- Bayou Blue Bayou Blue
- Coordinates: 29°38′03″N 90°40′23″W﻿ / ﻿29.63417°N 90.67306°W
- Country: United States
- State: Louisiana
- Parish: Lafourche, Terrebonne

Area
- • Total: 23.53 sq mi (60.94 km^{2})
- • Land: 23.27 sq mi (60.28 km^{2})
- • Water: 0.26 sq mi (0.67 km^{2})
- Elevation: 7 ft (2.1 m)

Population (2020)
- • Total: 13,352
- • Density: 573.7/sq mi (221.51/km^{2})
- Time zone: UTC-6 (Central (CST))
- • Summer (DST): UTC-5 (CDT)
- Area code: 985
- GNIS feature ID: 2583527

= Bayou Blue, Louisiana =

Bayou Blue is a metropolitan area in Lafourche and Terrebonne parishes, Louisiana, United States. As of the 2020 census, Bayou Blue had a population of 13,352.

In June 1981, an arson attack on a local nightclub killed five people.

==Geography==
According to the U.S. Census Bureau, the community has an area of 23.520 mi2; 23.263 mi2 of its area is land, and 0.257 mi2 is water.

==Demographics==

Bayou Blue was first listed as a census designated place in the 2010 U.S. census.

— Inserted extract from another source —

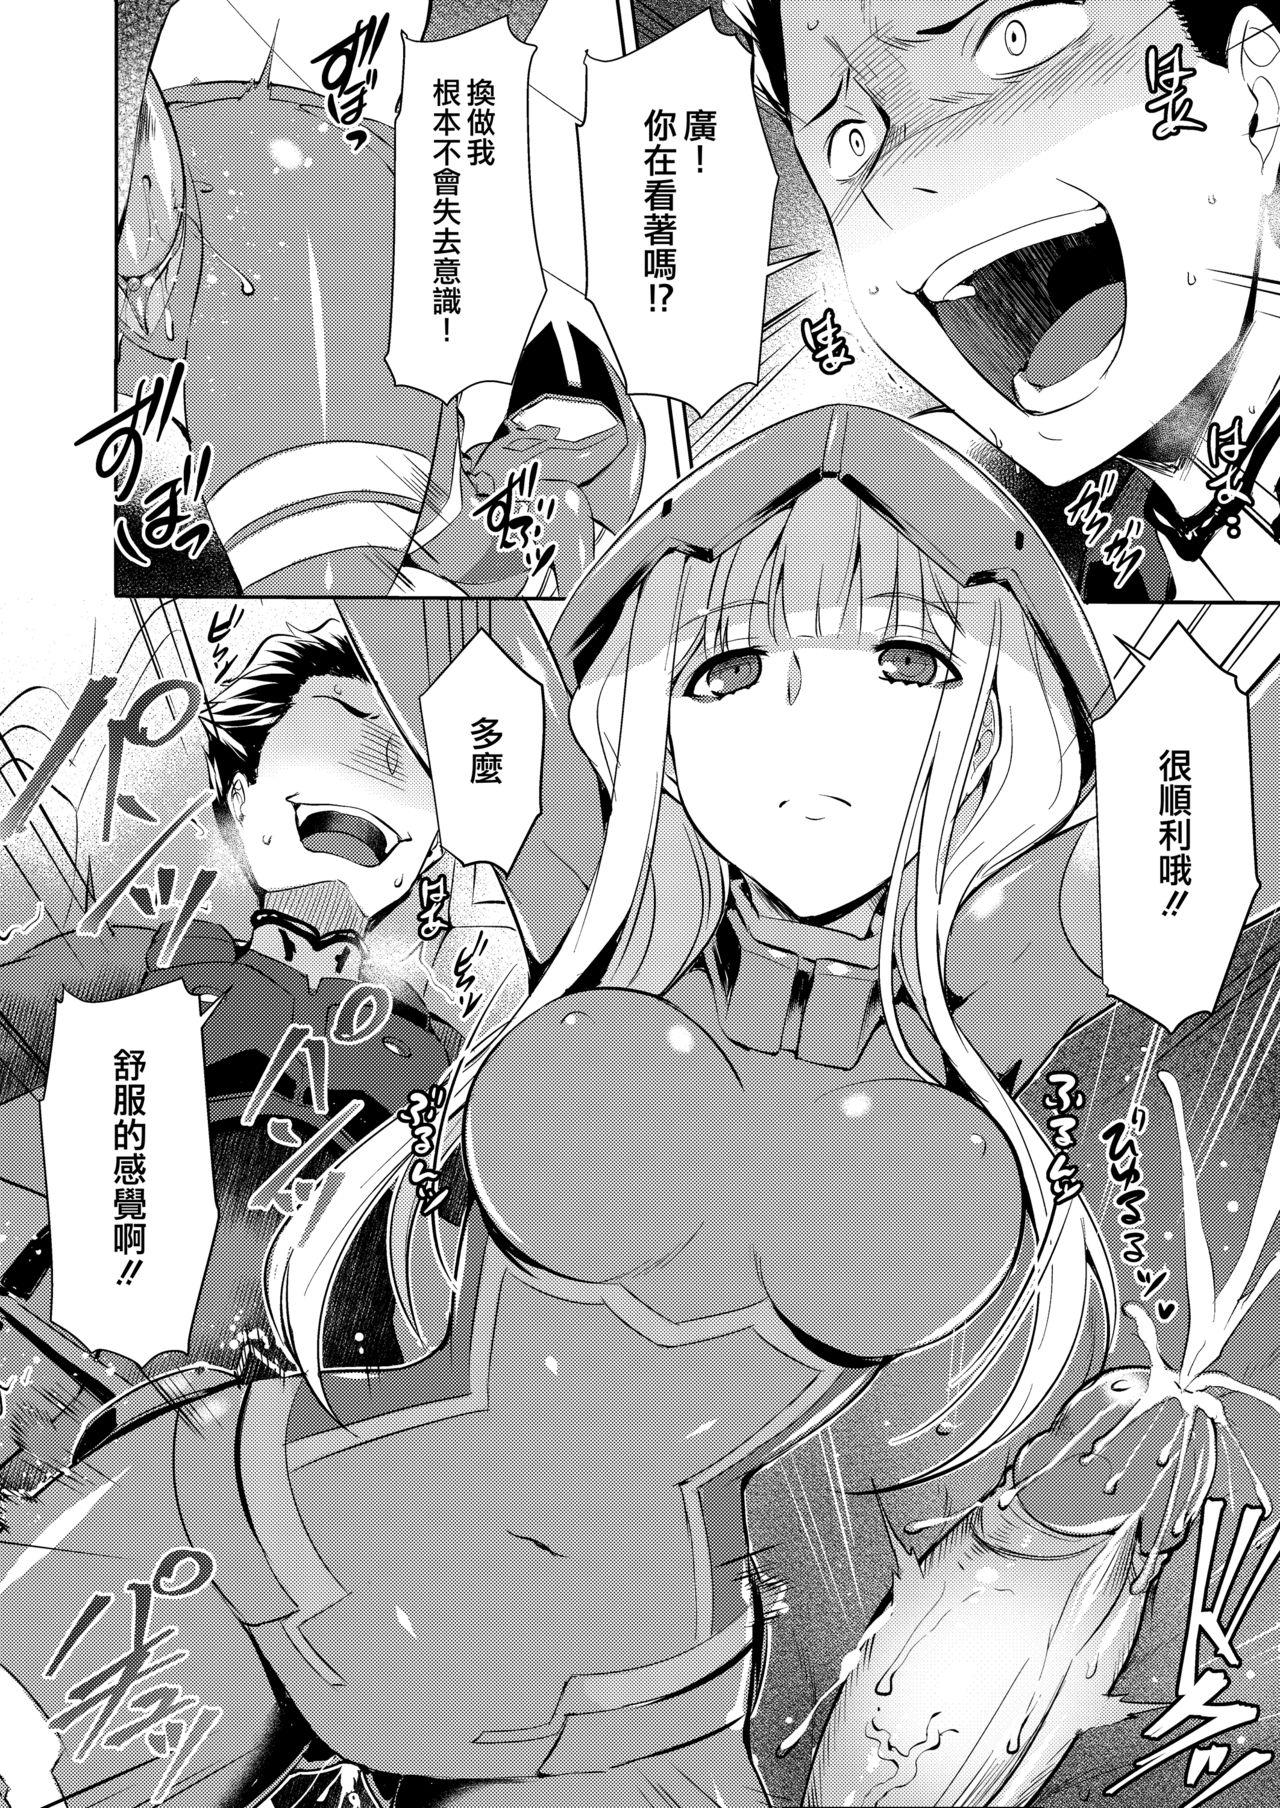 Pegging Mitsuru in the Zero Two - Darling in the franxx Amateur - Page 9

Bayou Blue racial composition as of 2020
| Race | Number | Percentage |
|---|---|---|
| White (non-Hispanic) | 9,625 | 72.09% |
| Black or African American (non-Hispanic) | 1,087 | 8.14% |
| Native American | 620 | 4.64% |
| Asian | 57 | 0.43% |
| Pacific Islander | 4 | 0.03% |
| Other/Mixed | 661 | 4.95% |
| Hispanic or Latino | 1,298 | 9.72% |

As of the 2020 United States census, there were 13,352 people, 3,891 households, and 3,049 families residing in the CDP.

Historical population
| Census | Pop. | Note | %± |
| 2010 | 12,352 |  | — |
| 2020 | 13,352 |  | 8.1% |
U.S. Decennial Census 1950 1960 1970 1980 1990 2000 2010

==Education==
The Lafourche Parish portion is in the Lafourche Parish School District. Schools in the Lafourche Parish part of the CDP include: Bayou Blue Elementary School, and Bayou Blue Middle School.

Areas in Terrebonne Parish are assigned to Terrebonne Parish School District.

Lafourche Parish Library operates the Bayou Blue Library.

Both Lafourche and Terrebonne parishes are in the service area of Fletcher Technical Community College. Additionally, a Delgado Community College document stated that both Lafourche and Terrebonne parishes were in the college's service area.